** Work instruction **
Print exactly and only the lines that run from the one containing "Otoño/invierno Castelli 2018" through the end of the material, please, omitting pictures.

** Input records **
-- -- --
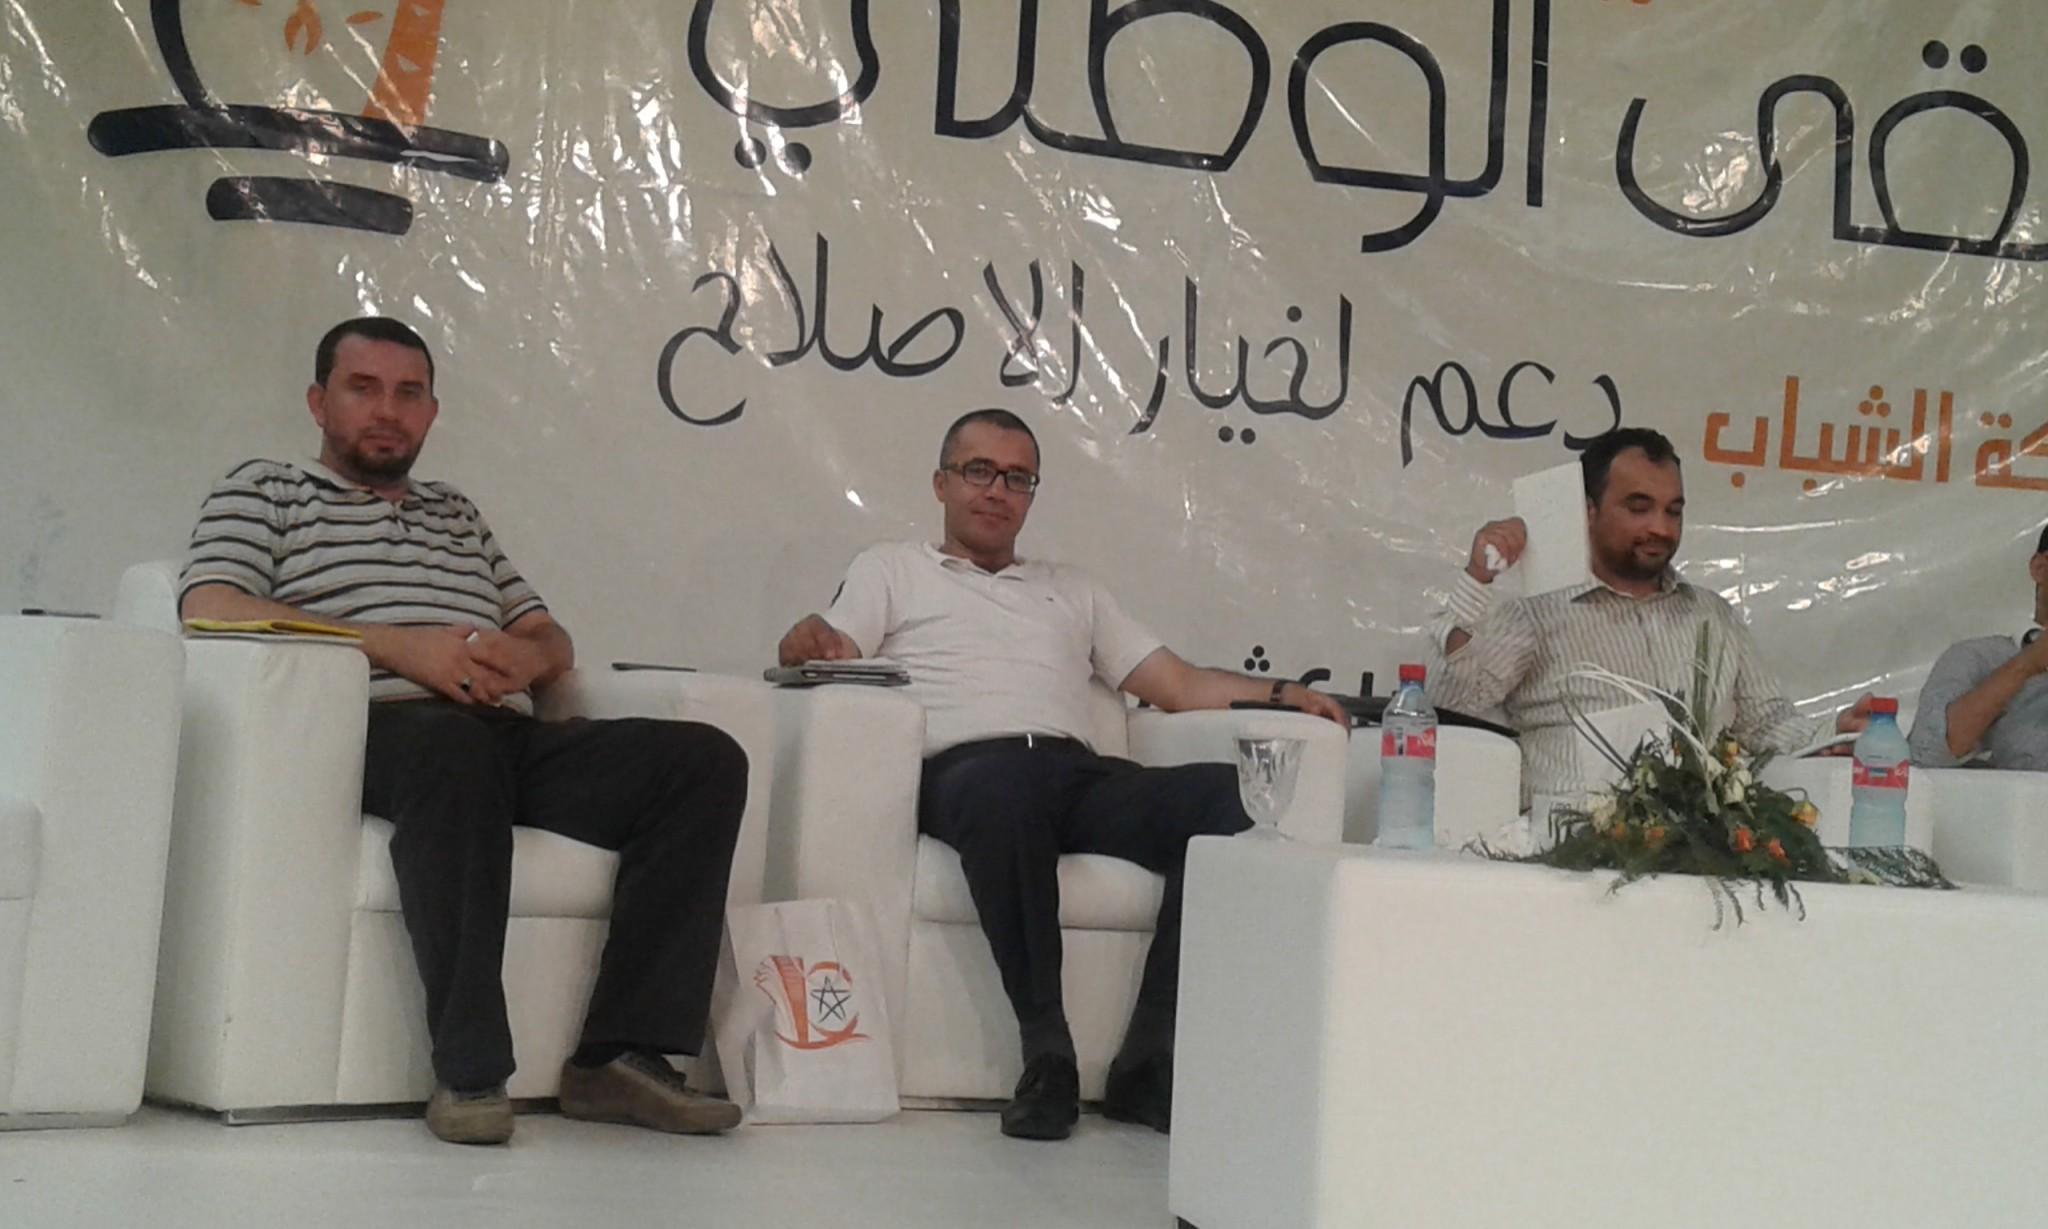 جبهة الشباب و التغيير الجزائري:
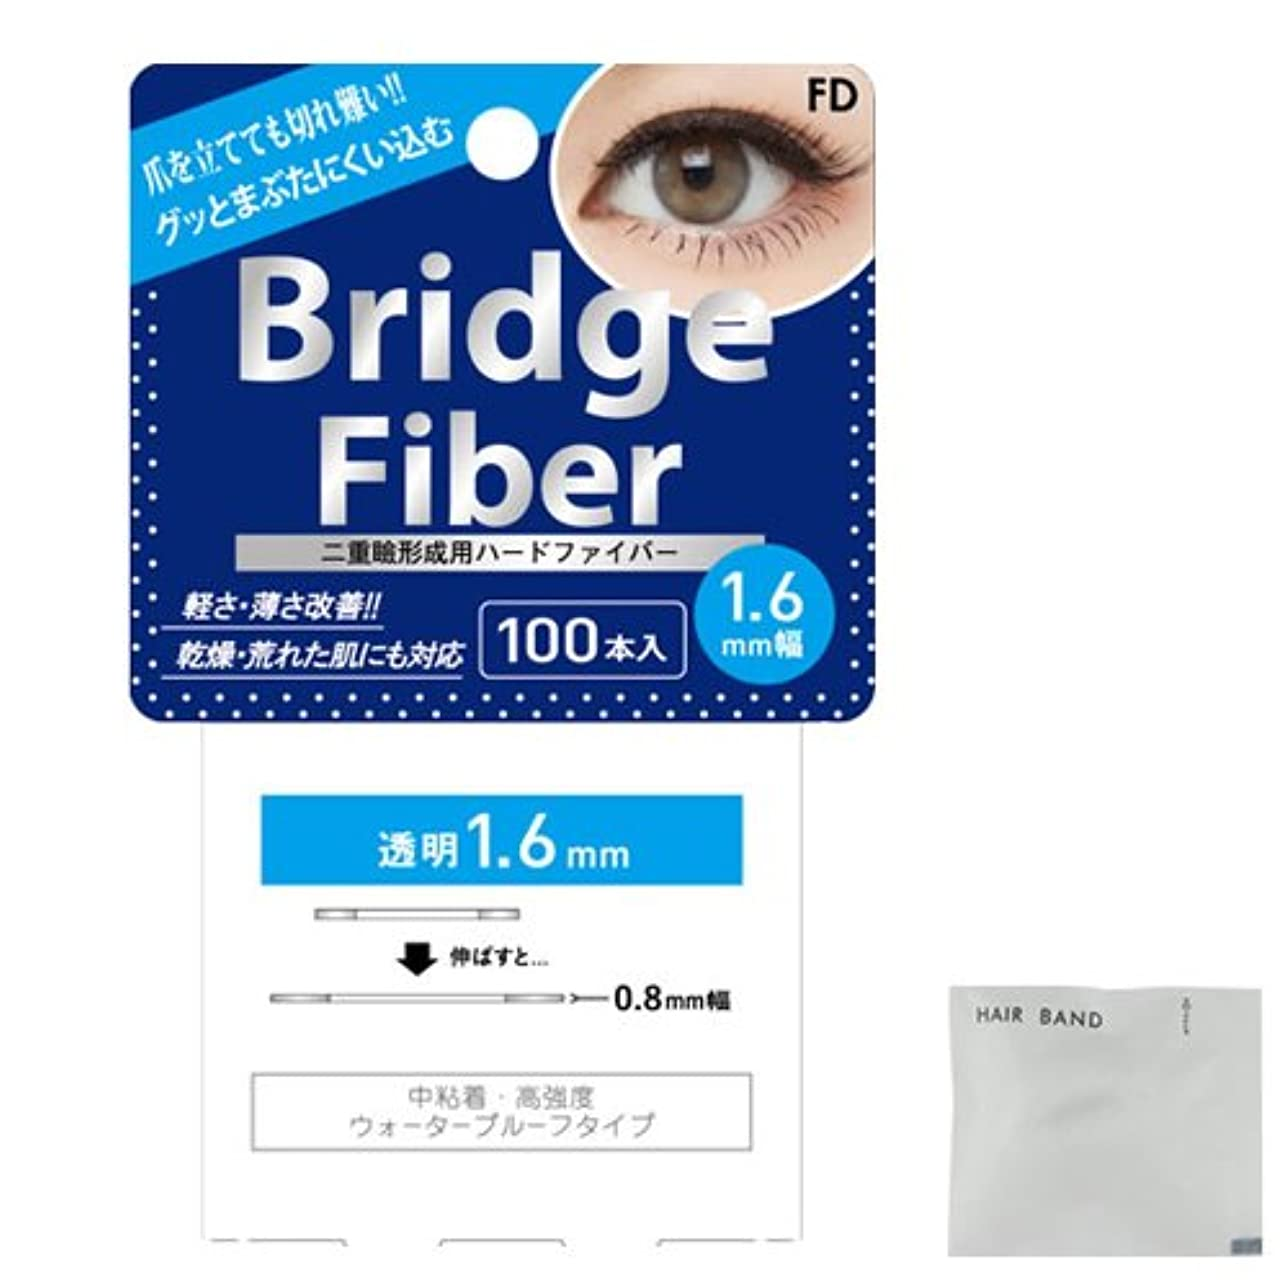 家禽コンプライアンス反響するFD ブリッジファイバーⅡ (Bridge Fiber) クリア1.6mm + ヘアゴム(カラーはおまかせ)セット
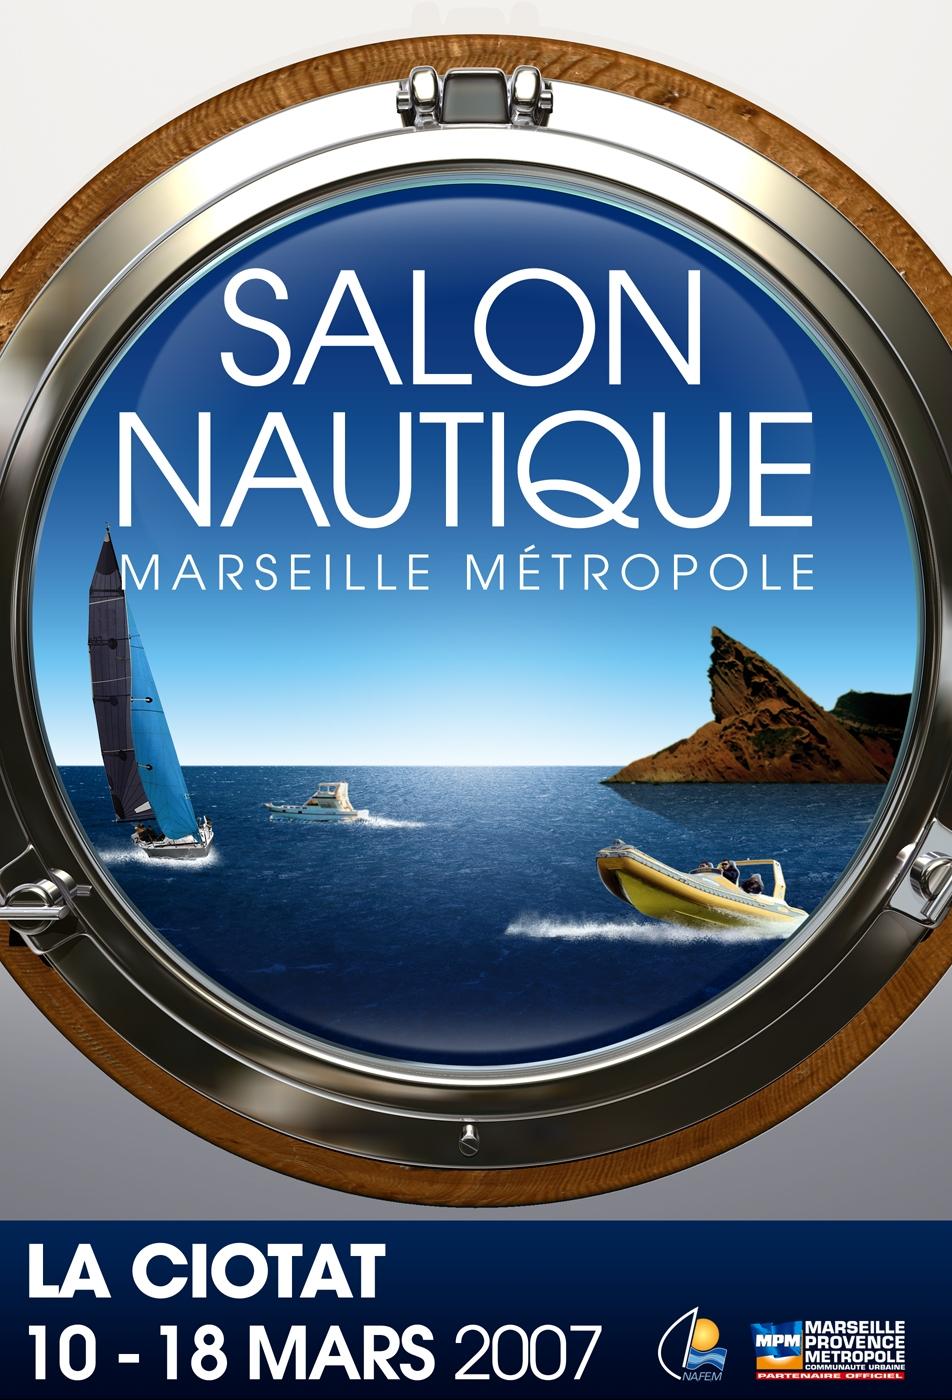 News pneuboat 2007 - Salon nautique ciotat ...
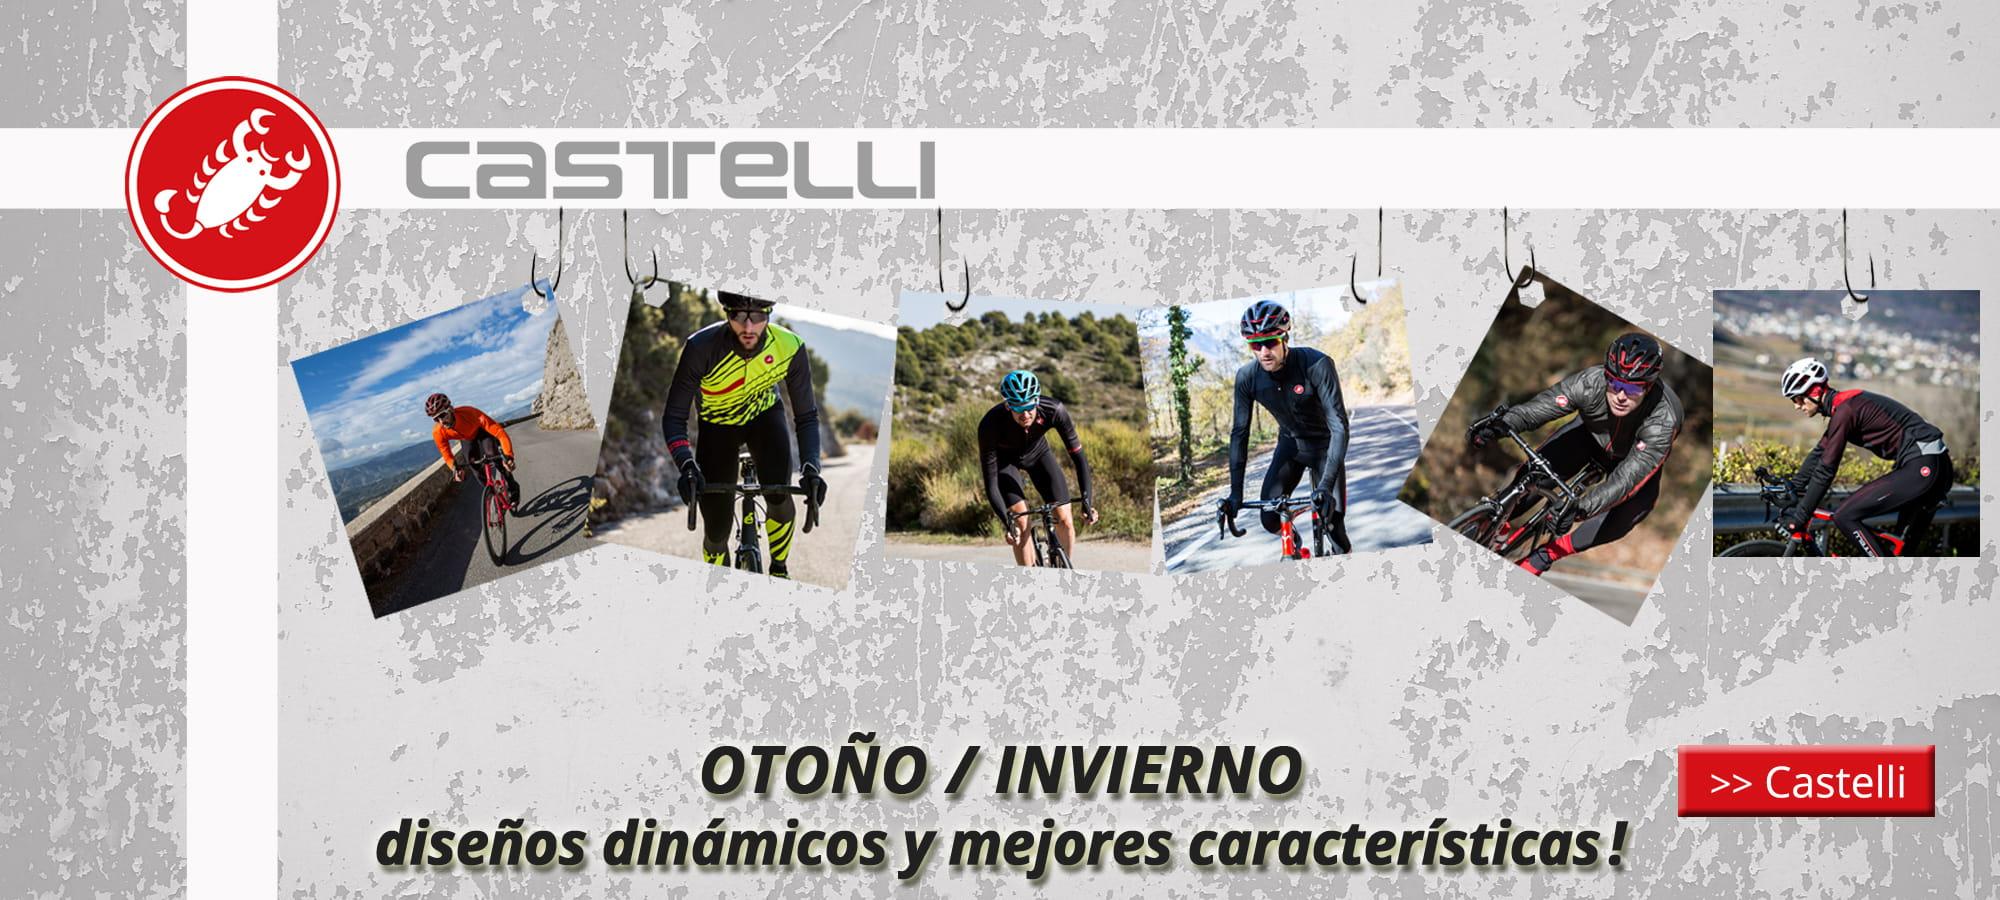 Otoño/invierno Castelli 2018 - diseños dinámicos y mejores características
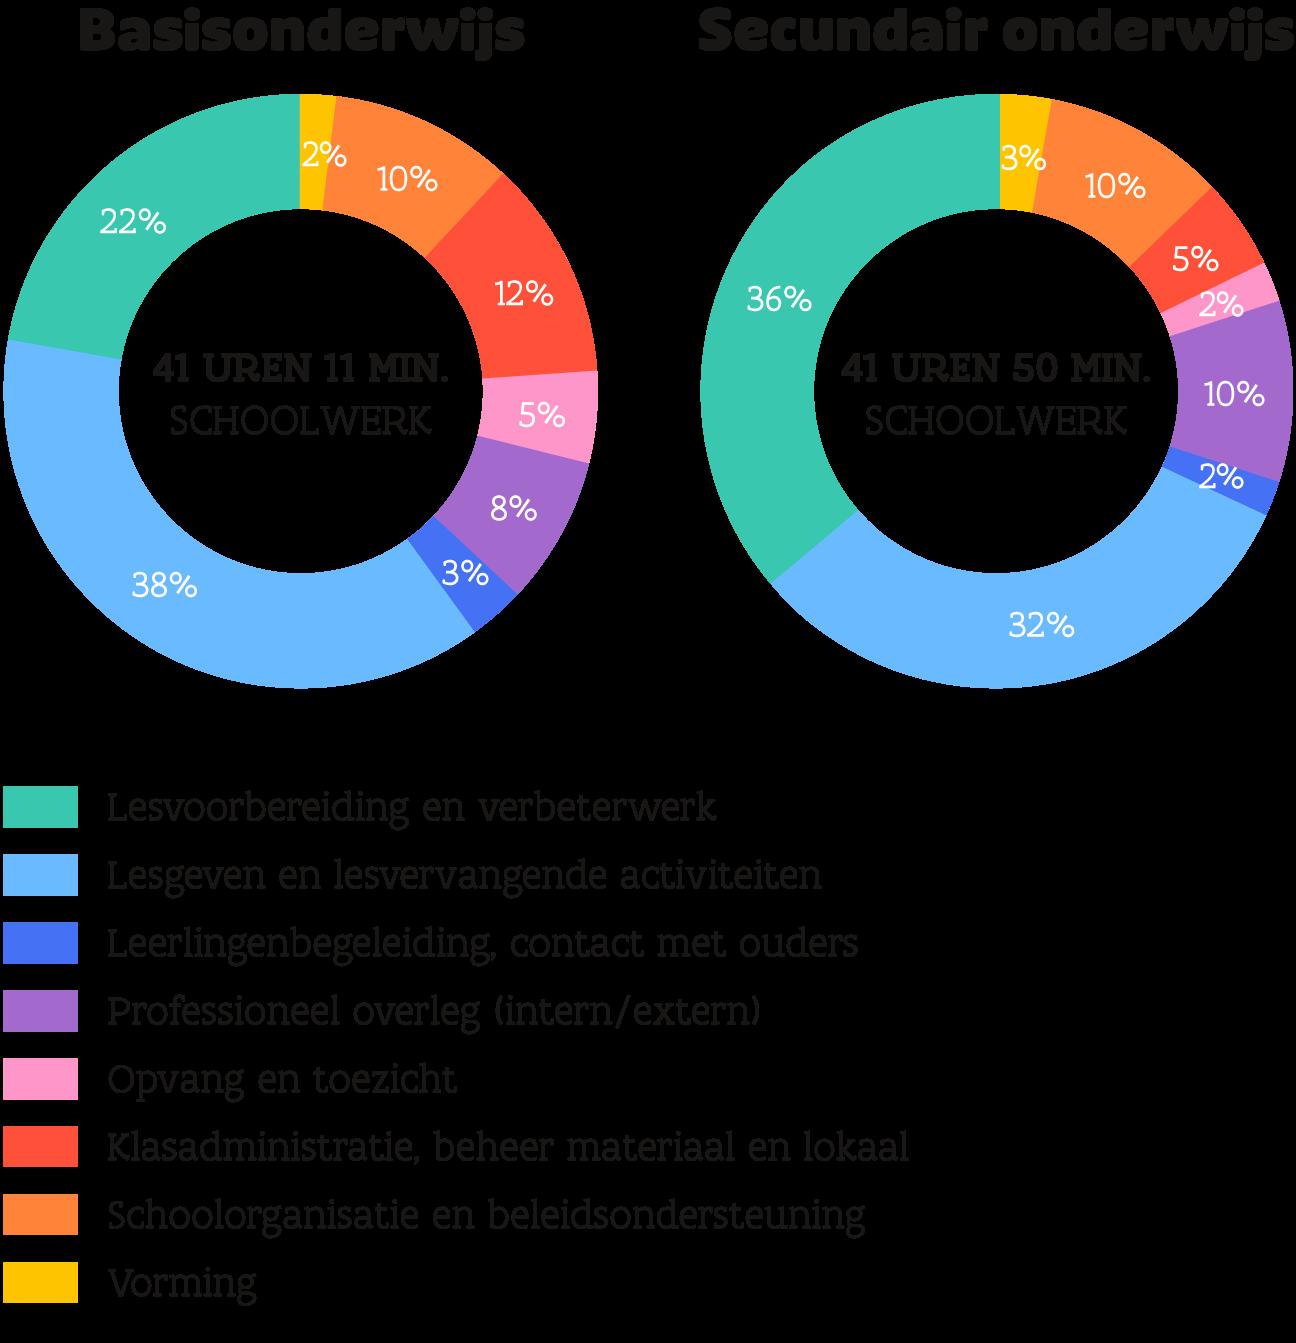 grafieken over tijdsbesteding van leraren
-- -- --
** Solution for this task **
 Otoño/invierno Castelli 2018 - diseños dinámicos y mejores características
 grafieken over tijdsbesteding van leraren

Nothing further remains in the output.